Lately, I've been more and more disillusioned with the existence of industry. I've been infected with some sort of memetic parasite, that exists at the boundary between money, the necessity of work, and the way industry is organized. It did not however start there. In the trail it left I can clearly see the destruction of my belief in computers, and because this was a load-supporting idea in the castle of my mind, with it's fall, many other ideas where damaged.
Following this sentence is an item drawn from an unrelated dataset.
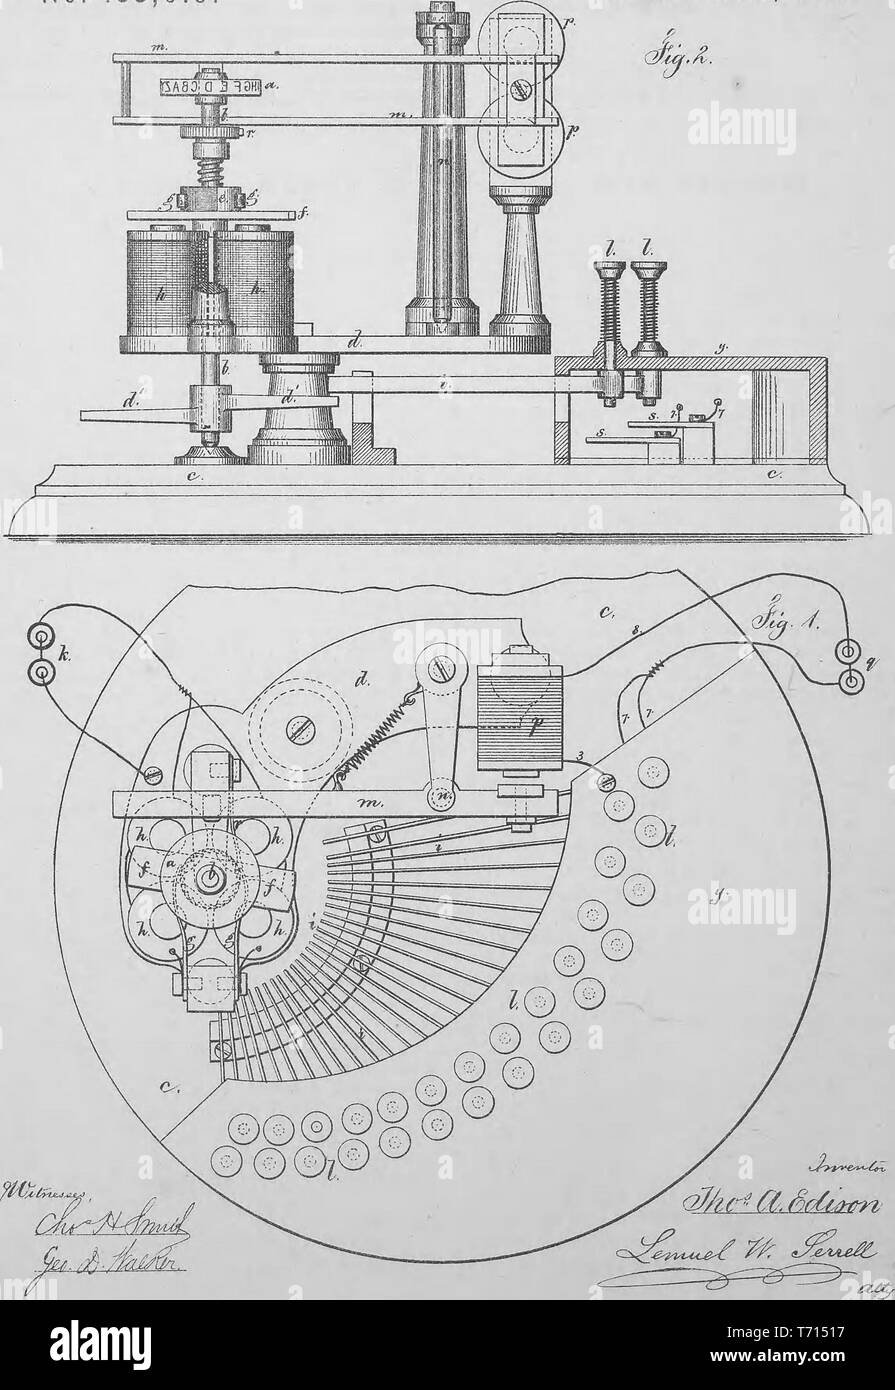 " Mejora de la patente grabado Printing-Machines eléctrico' de Thomas a Edison, del libro "Colección de patentes de los Estados Unidos concedió a Thomas A. Edison', 1869. Cortesía de Internet Archive. () Foto de stock

The role my computer skills possess. What it means to do good. But these ideas appear to be merely incidental, the "attack vector" as it were, specific to my mind. Reading through CollapseOS, watching 100Rabits speed run modern computing with uxn. These made me question what role personal computing has in our lives. Seeing these realms of possibilty that existed entirely outside the Software Industryâ„¢, I began to question the role of industry altogether. Ishmael) and Beyond Civilization furthered these ideas, but I think it's the misinterpretation of Daniel Quinn's ideas. The parasite wants to convince me that Industry as a whole is problematic. What I think I'm beginning to figure out is that it's not Industry that is the problem, but the social and political effects the organization causes. I believe this is particularly pronounced in not just the computing industry, but the very existence and purpose of computers. They exist both because of, and to serve, the current structures of Industrial Organization.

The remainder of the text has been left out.